Low-Level Programming – Complexities of Memory-Unmanaged Programming

garbage-collectionlow-level

Or in other words, what specific problems did automated garbage collection solve? I've never done low-level programming, so I don't know how complicated can freeing resources get.

The kind of bugs that GC addresses seem (at least to an external observer) the kind of things that a programmer that knows well his language, libraries, concepts, idioms, etc, wouldn't do. But I could be wrong: is manual memory handling intrinsically complicated?

Best Answer

I've never done low-level programming, so I don't know how complicated can freeing resources get.

Funny how the definition of "low-level" changes over time. When I was first learning to program, any language that provided a standardized heap model that makes a simple allocate/free pattern possible was considered high-level indeed. In low-level programming, you'd have to keep track of the memory yourself, (not the allocations, but the memory locations themselves!), or write your own heap allocator if you were feeling really fancy.
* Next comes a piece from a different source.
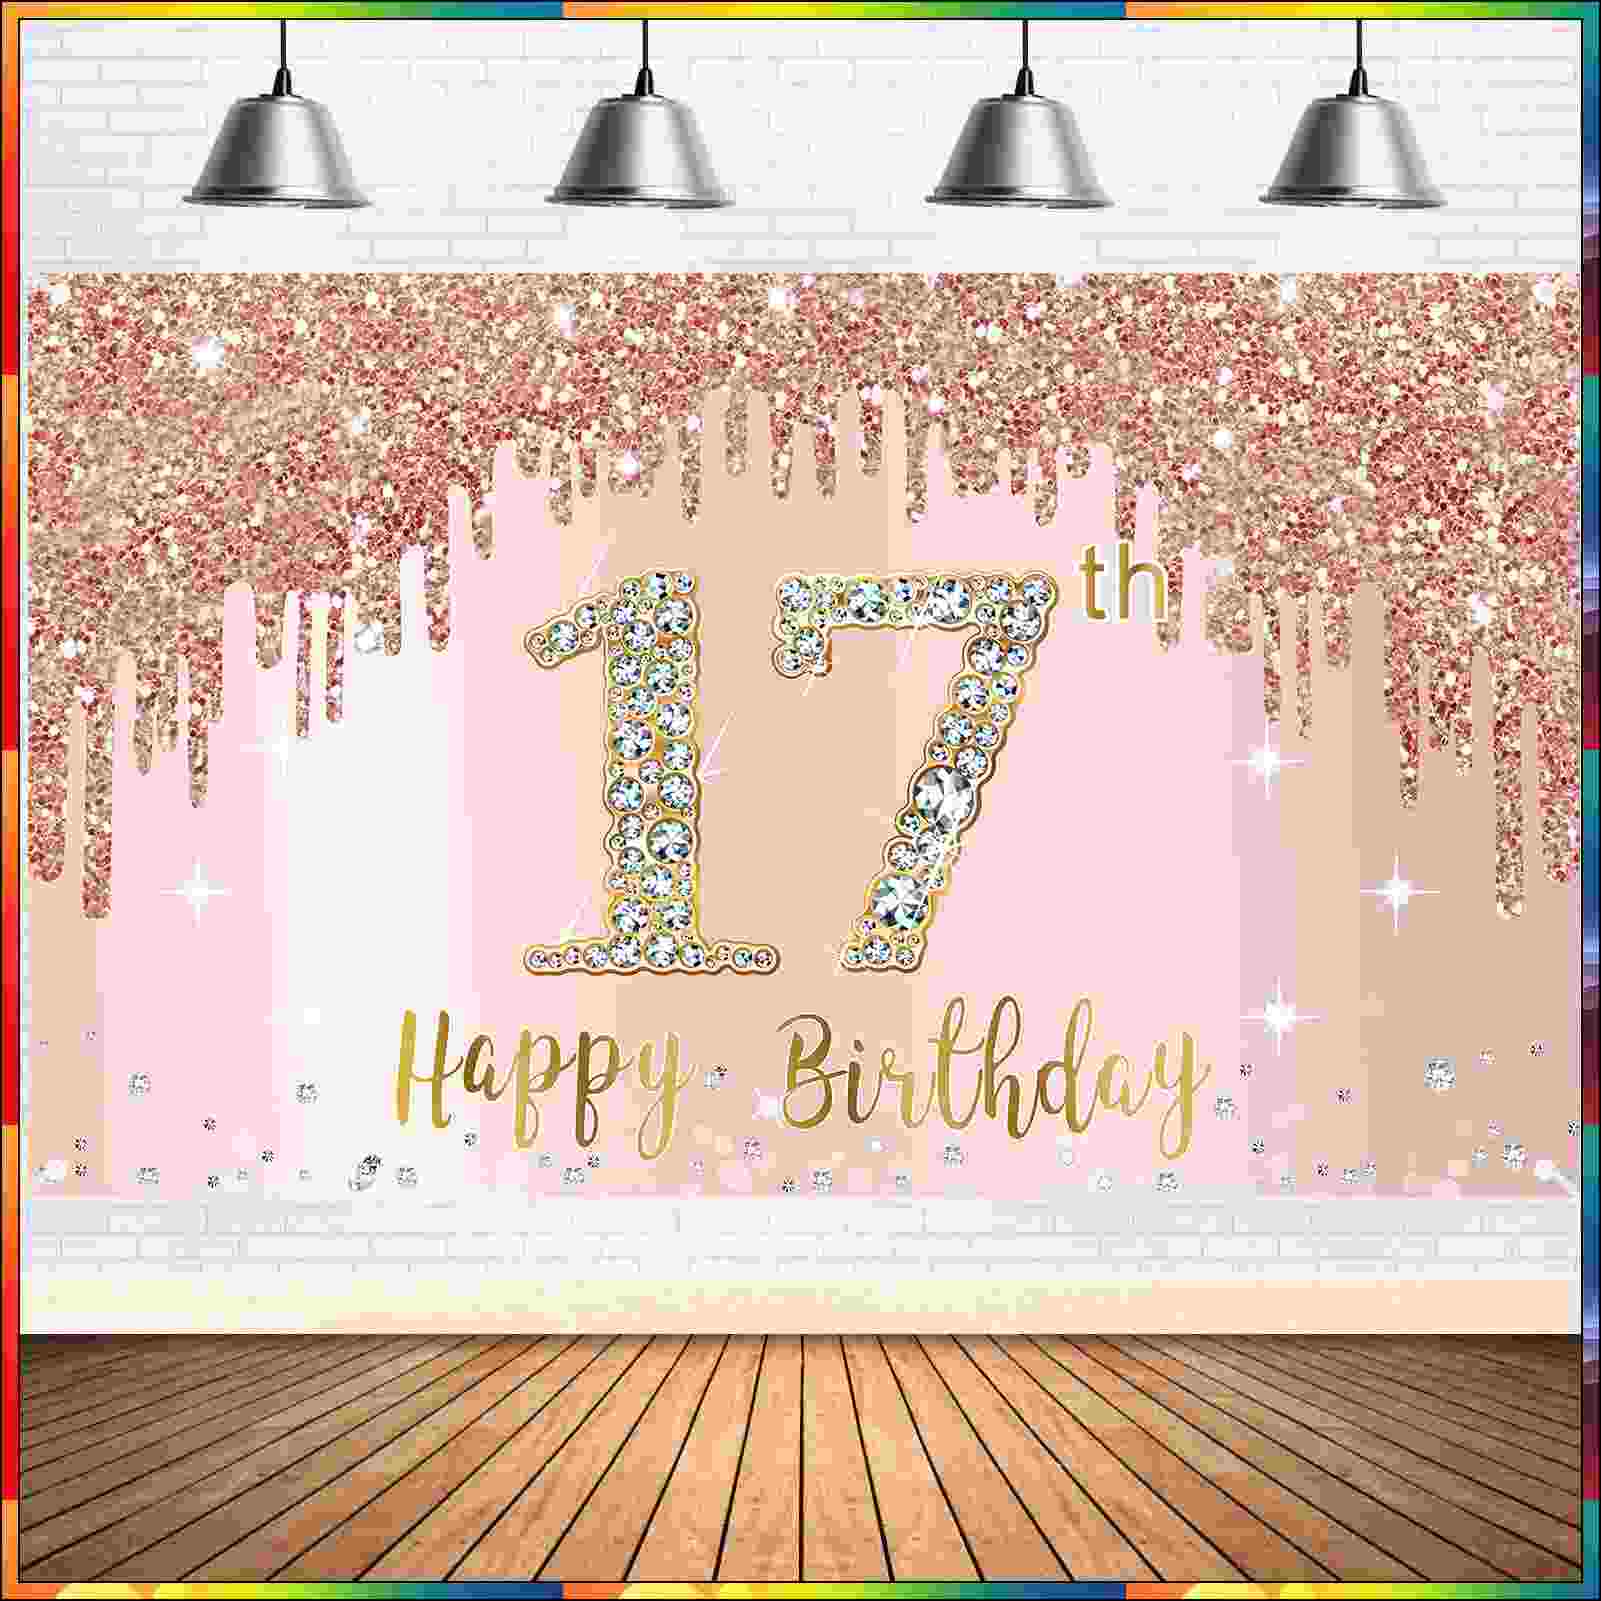 17th birthday girl images

Having said that, there's really nothing scary or "complicated" about it, at all. Remember when you were a child and your mom told you to put away your toys when you're done playing with them, that she is not your maid and wasn't going to clean up your room for you? Memory management is simply this same principle applied to code. (GC is like having a maid who will clean up after you, but she's very lazy and slightly clueless.) The principle of it is simple: Each variable in your code has one and only one owner, and it’s the responsibility of that owner to free the variable’s memory when it is no longer needed. (The Single Ownership Principle) This requires one call per allocation, and several schemes exist that automate ownership and cleanup in one way or another so you don't even have to write that call into your own code.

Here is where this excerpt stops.